TASK DETAILS →
Without the pictures, print the lines from the one holding "VALENTINO Eyewear (Image 1)" through the last line below, both included, exactly as they stand.

SUPPLIED DATA Block Start

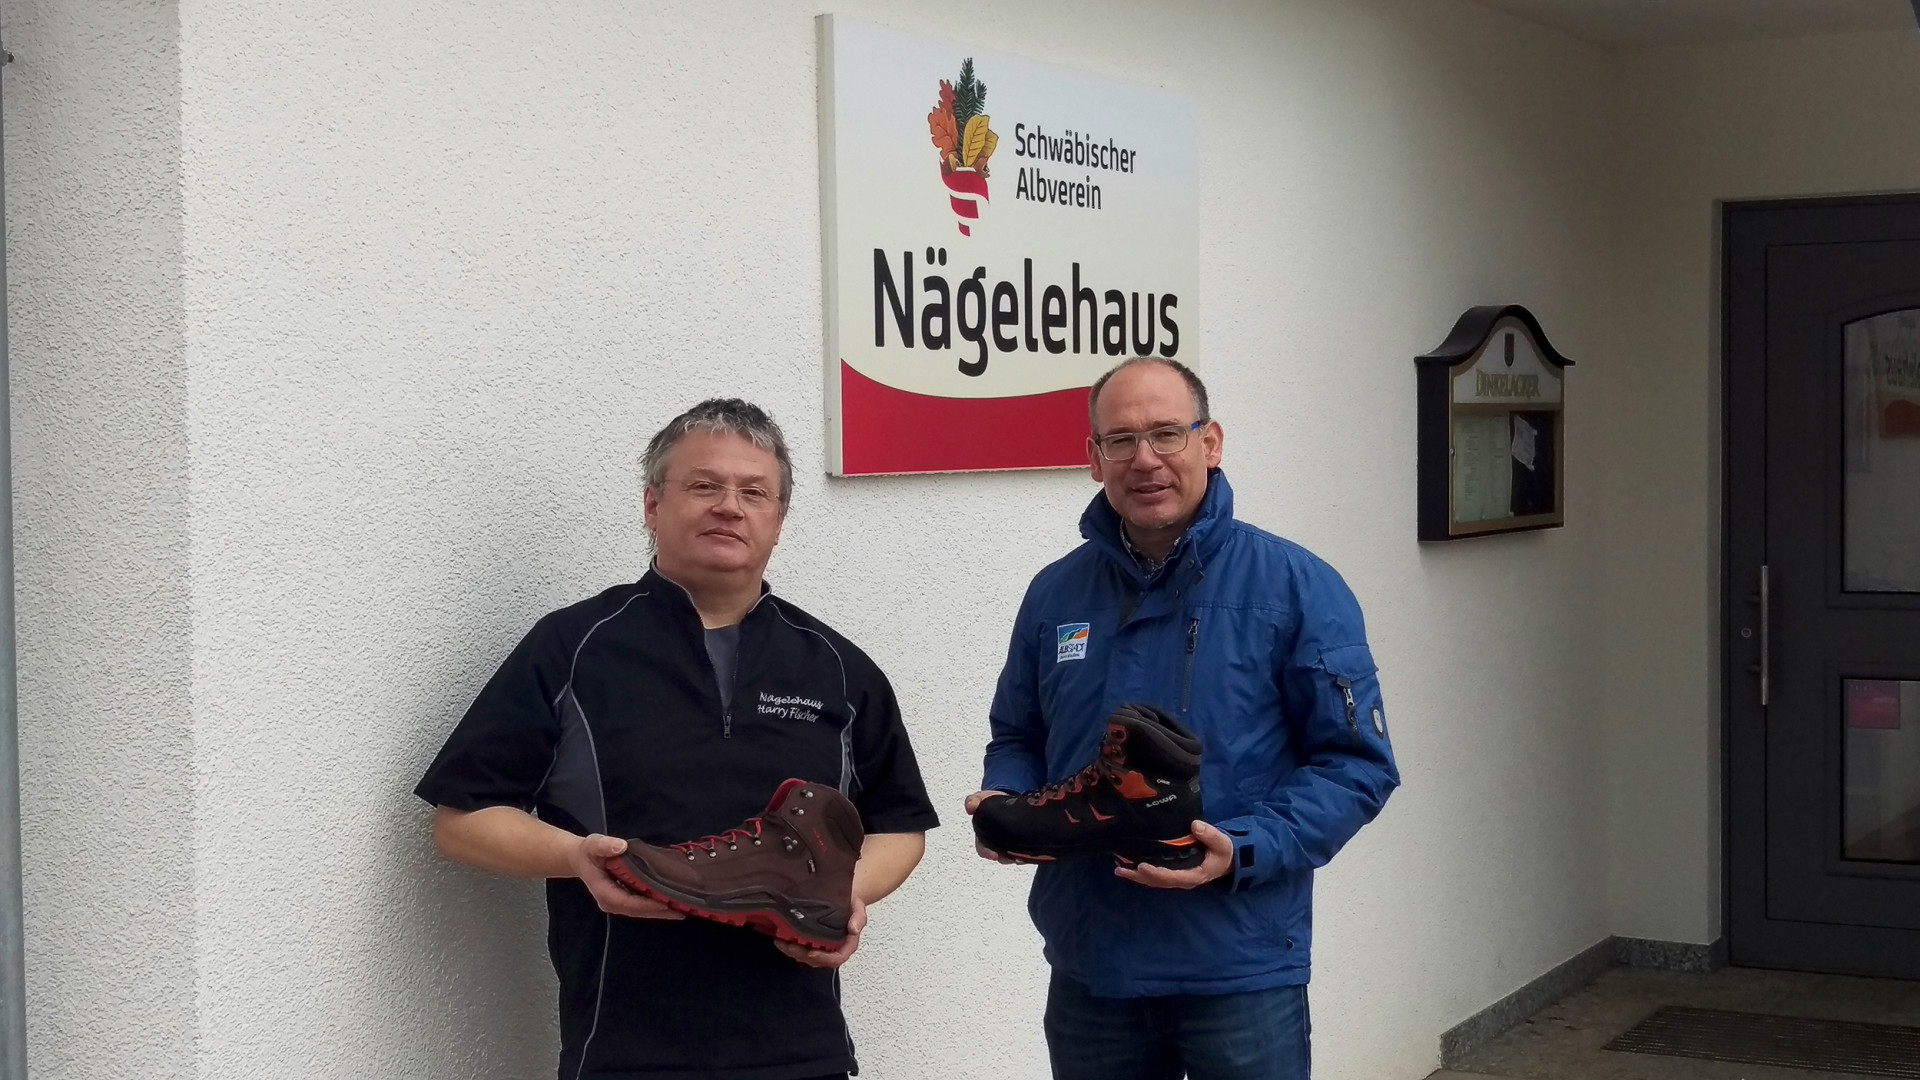 nagelehaus-imag0296
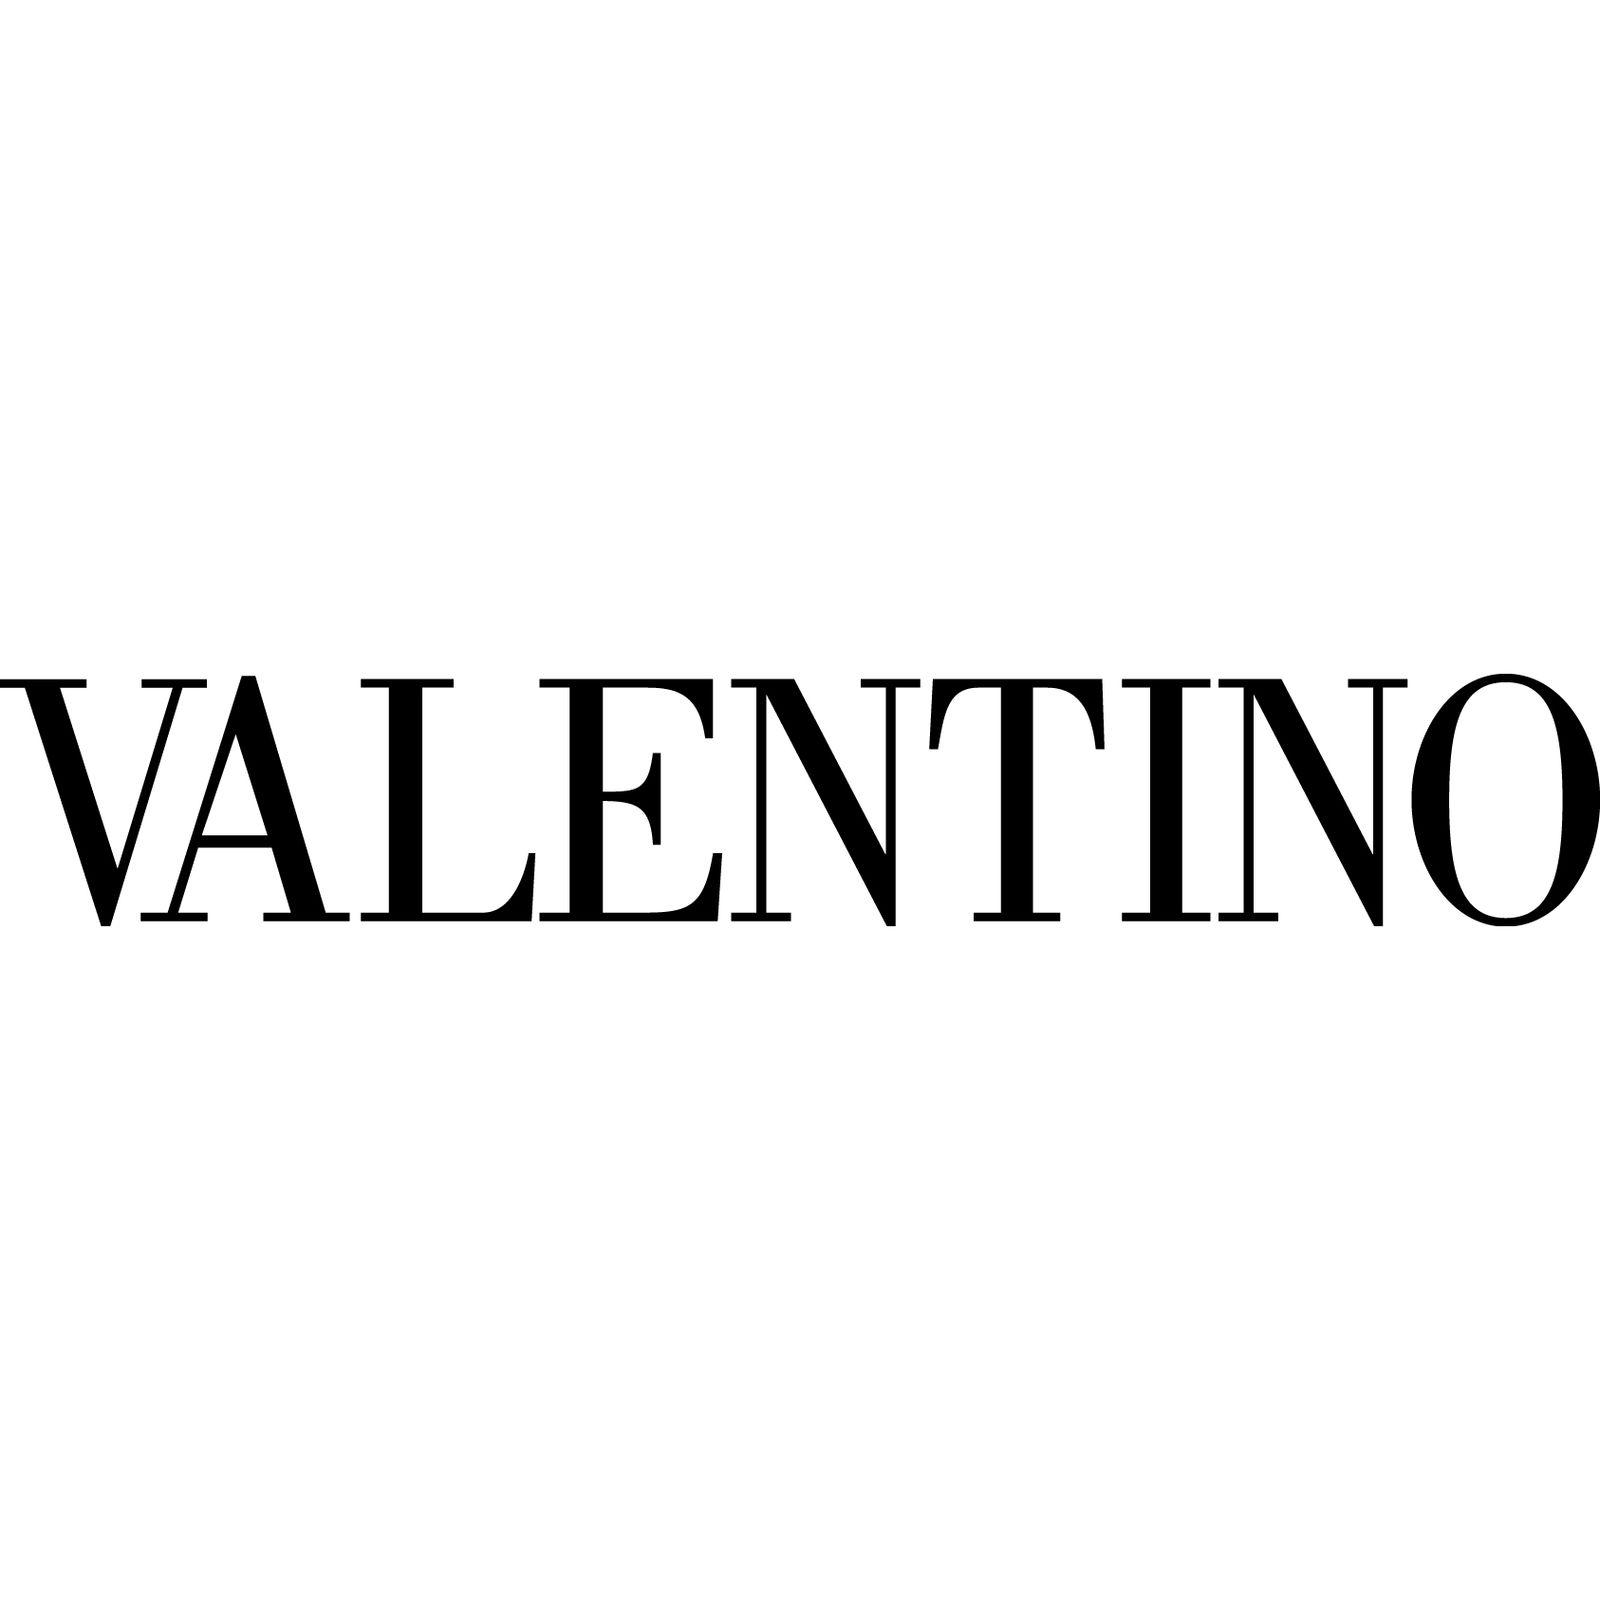 VALENTINO Eyewear (Image 1)
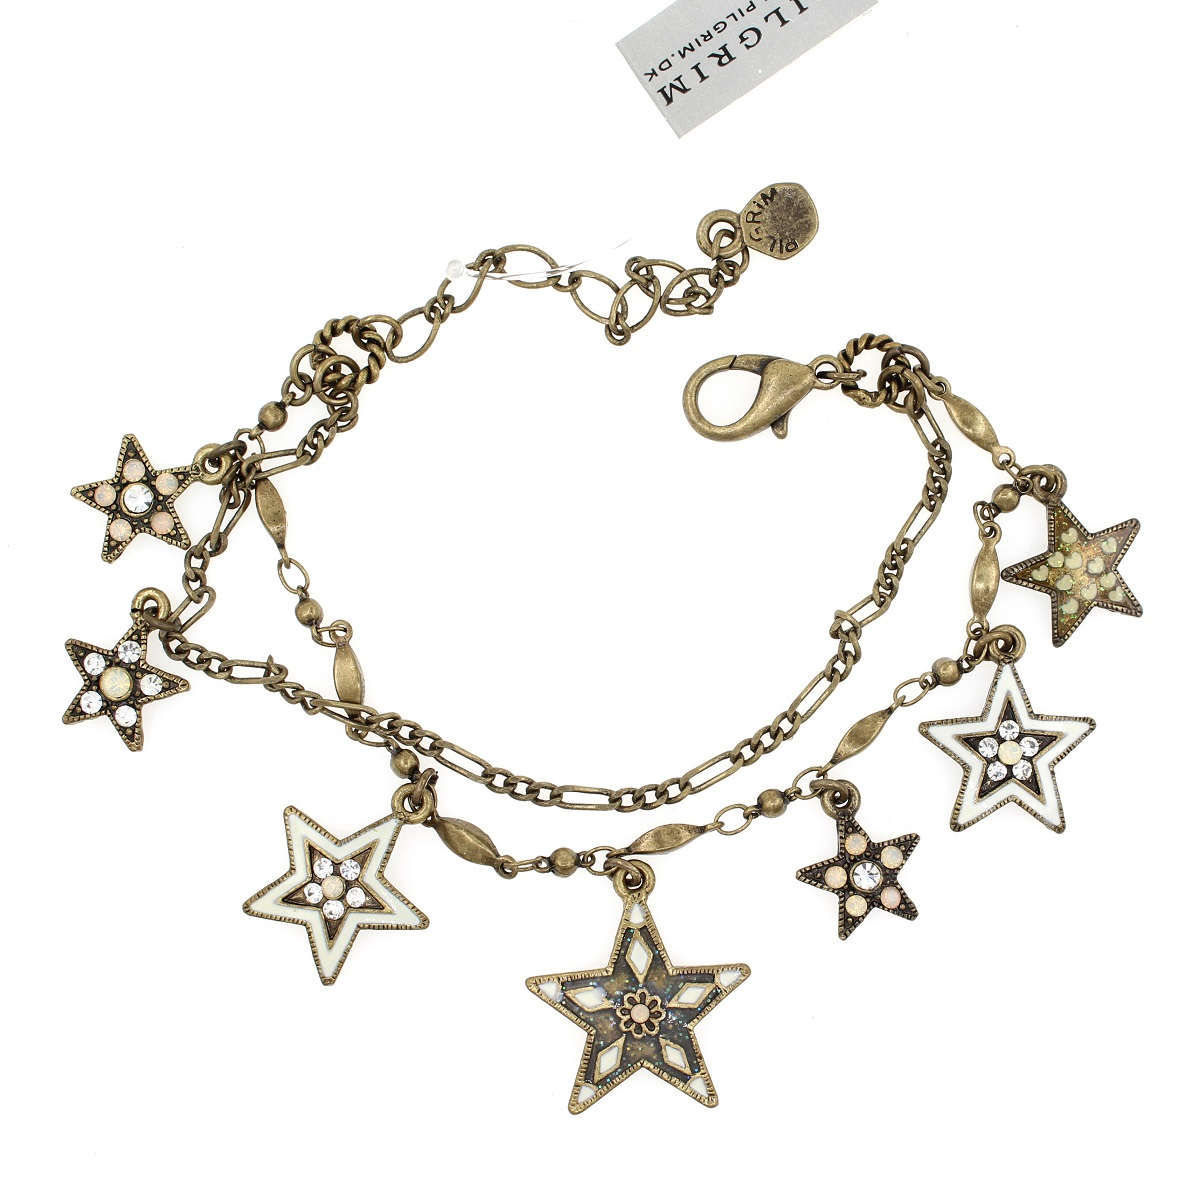 PILGRIM - STARS - Double Strand Charm Bracelet - Gold Plate/White Swarovski BNWT

SUPPLIED DATA Block End

WRITTEN ANSWER →
 VALENTINO Eyewear (Image 1)
 PILGRIM - STARS - Double Strand Charm Bracelet - Gold Plate/White Swarovski BNWT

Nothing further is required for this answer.